The more of a pain issue is that on the 8v batteries the 'ears' on the flow-rite caps interfered with many of my cable runs... so I ended up sawing the ears off most of the caps. not difficult, but a pain. I wrote in to flow-rite to suggest that using the 'earless' design they have for industrial batteries would probbly be better for the typical EV-er.


----------



## dougmcp (Jun 2, 2010)

Last time I was at Sam's Club the GC8 batteries were about $78 plus core chg.
In CA the ones that they have been supplying for over a year are Energizers, labeled/distributed by Johnson Controls.


----------



## belair (May 24, 2010)

These are the Interstates I am looking for. http://corporate.interstatebatteries.com/golfcar/

If they are at Sam's here in Nashville they will be my huckleberrry. Again I am just assuming they are still US battery but will confirm.


----------



## rmay635703 (Oct 23, 2008)

TheSGC said:


> The color scheme of black and green does seem interesting, I haven't seen any batteries with that configuration.


 My greensavers from china look a bit like that (but square)


----------



## BHall (Aug 1, 2007)

Ok, got some measurements and info...

Sam's Club new black case, green top Interstate Powerfast (PFGC8) 
90min reserve
170AH 
L= 10.25"
W= 7.125"
H (w/o terminals & caps) = 9.625"
H (with terminals & caps) = 10.625"
Labels don't refer to Johnson Controls anywhere
made in Mexico
Price here in OKC: $72.26 + core
Here's the kicker..... now only a 6 month free replacement warranty.​
White case red top US 8VGC (data pulled from US Battery web site)
90min reserve
170AH 
L= 10.25"
W= 7.125"
H = 11.25"
Best price = you fill in the blank and let us know​
Footprint appears to be the same..whew, already built my racks. Interstate battery is shorter, may be how it is measured or it has a different type of cap.

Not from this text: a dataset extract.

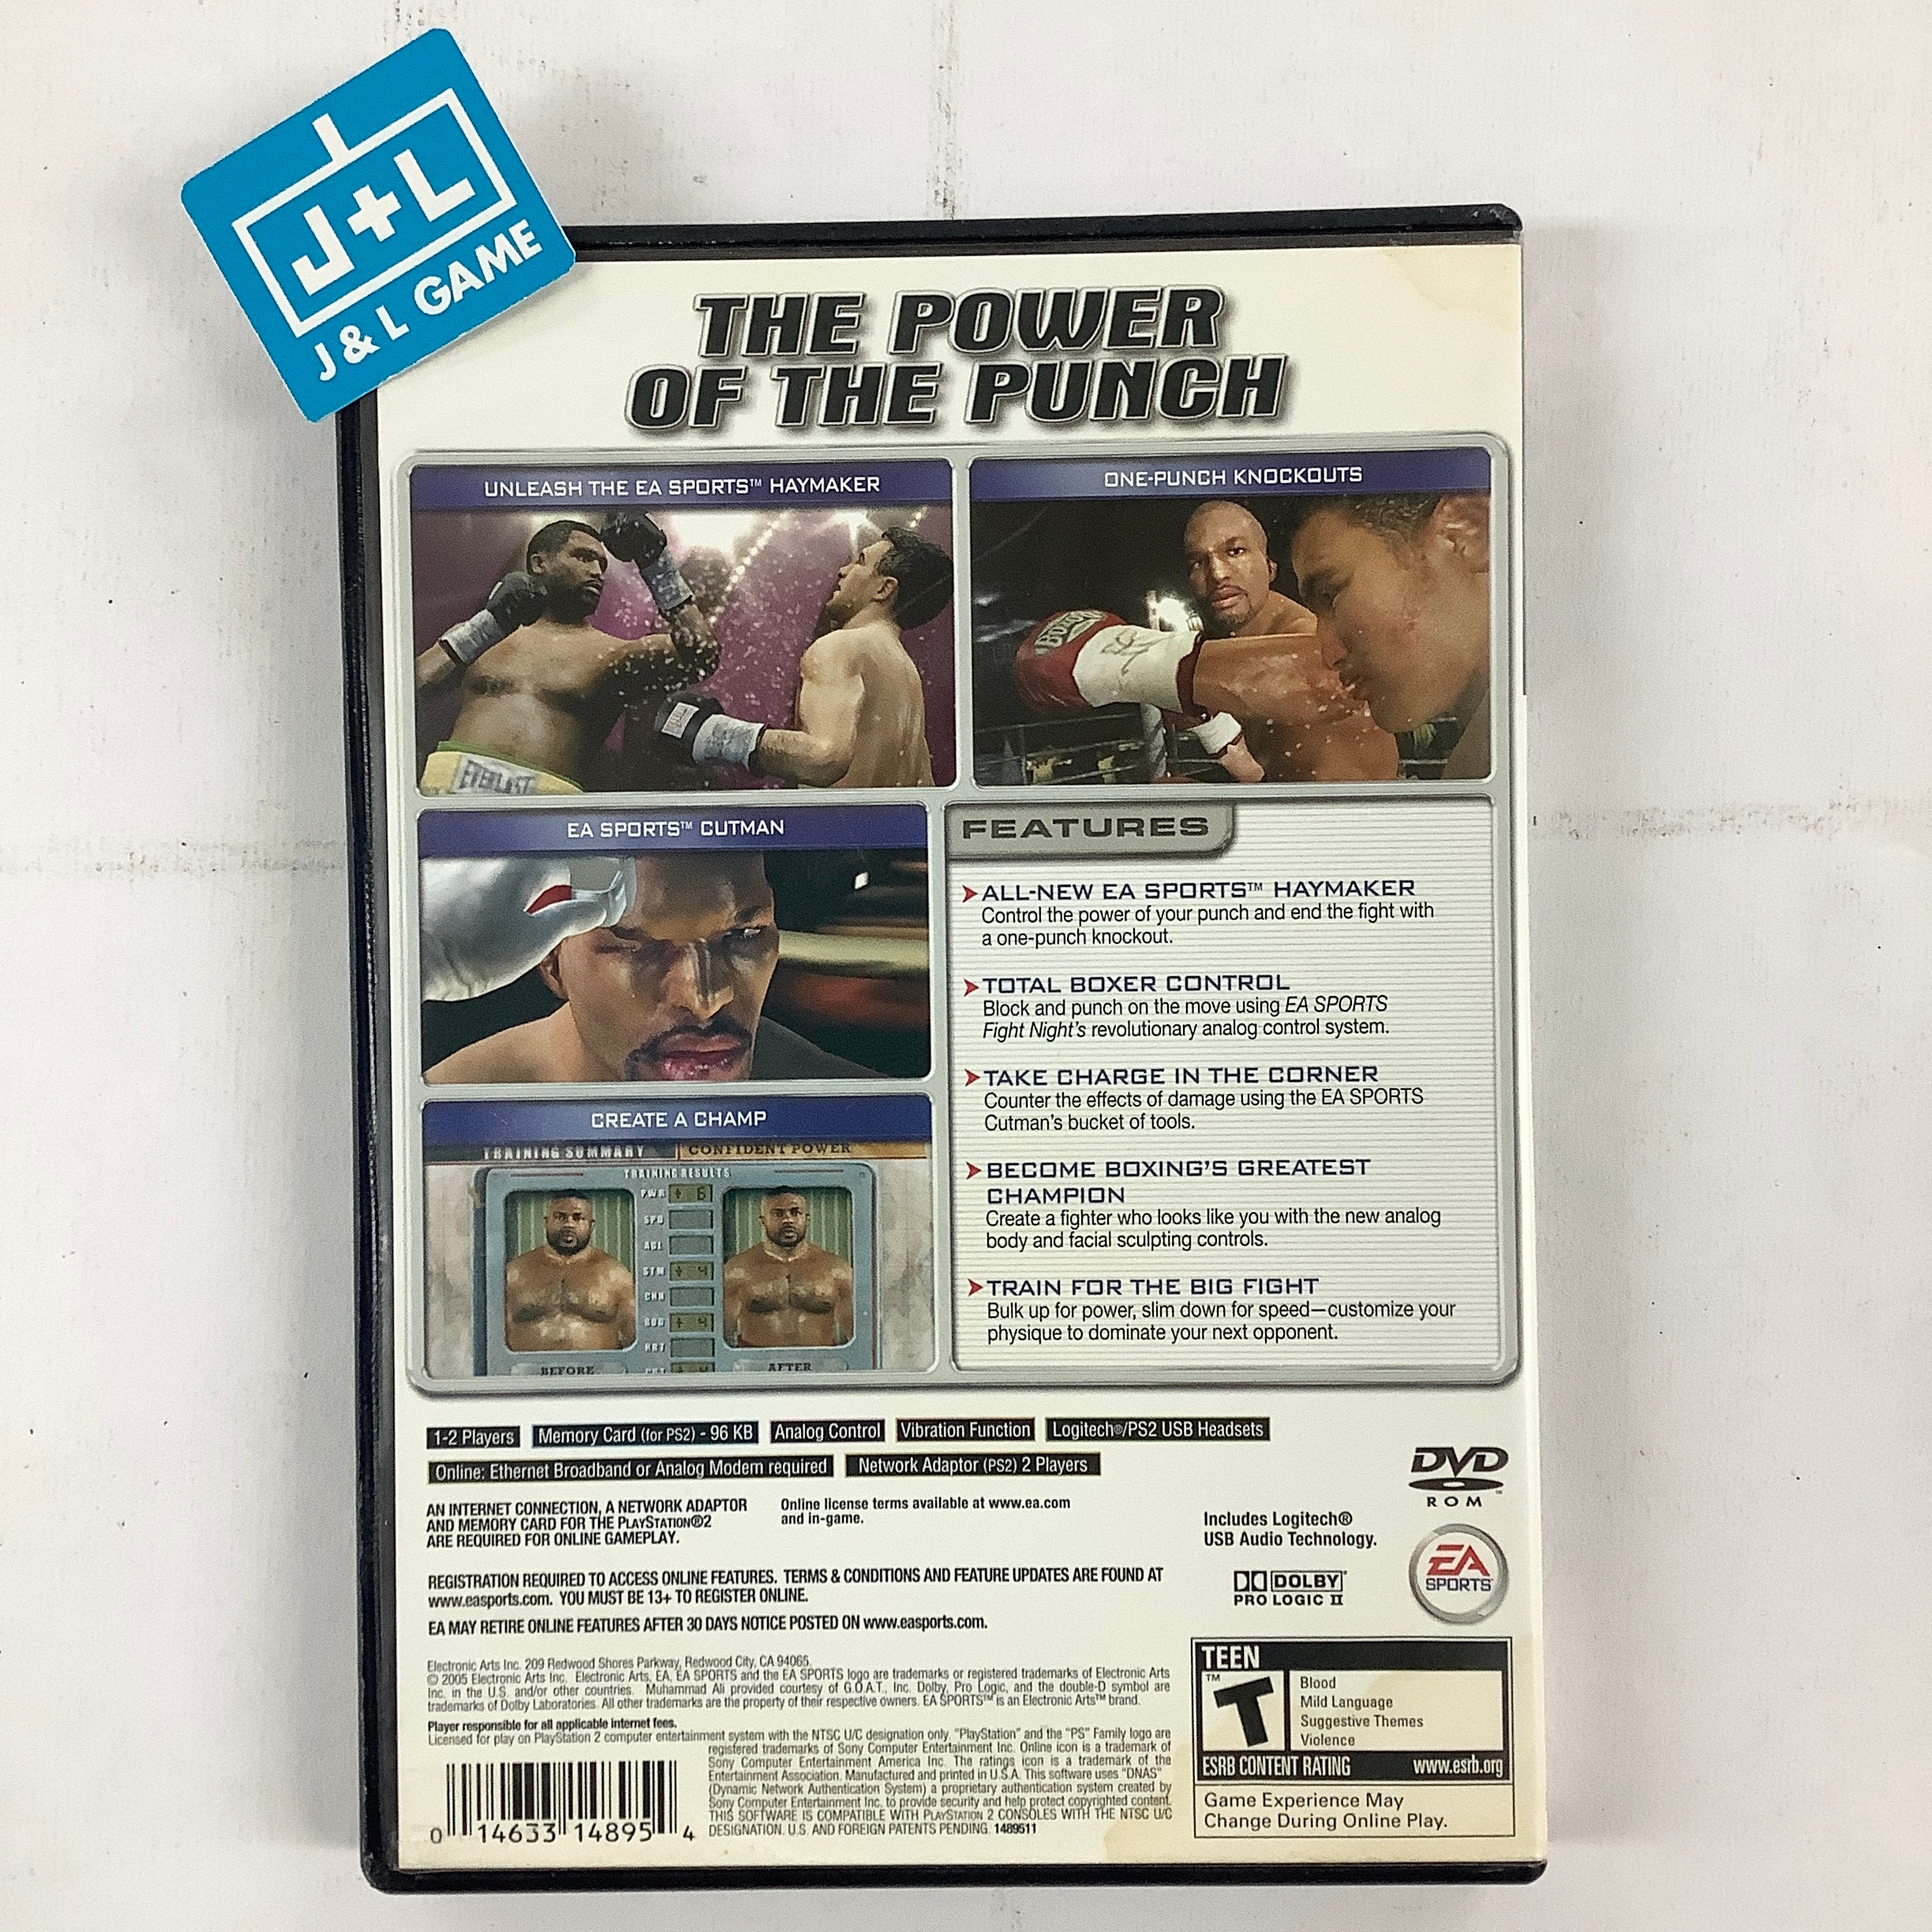 Fight Night Round 2 - (PS2) PlayStation 2 [Pre-Owned] Video Games EA Sports

Seeing some comments on "cheap batteries"..... Spill it out, are these crap or not? 

Brian


----------



## dougmcp (Jun 2, 2010)

Sam's like a lot of places, buy from different suppliers depending on the distribution warehouses and location of the stores.
In my experience a battery's performance and lifespan has more to do with the care and attention they get than the specific brand as long as the specs are similar.
IMO I'd buy the Sam's Interstates if they are less money and the warranties are similar.
I have 7x6v 2004 Trojans in my golf cart and 6x6v 2002 Sam's Club's in my boat and both are still in good condition and all come up to over 6.3v after a charge and rest.


----------



## belair (May 24, 2010)

*Curious*

From the Interstate website the part # is GC8-HD and is 11.33 tall. Perhaps Interstate is buying from both US and Johnson Control. I looked quickly and it seems that Johnson does quite a bit of manufacturing in Mexico while it was unclear if US does. I don't know if it matters or not and have no experience with either at this point but like you would like to get the best price for good batteries and sort through what is fact or rumor.


----------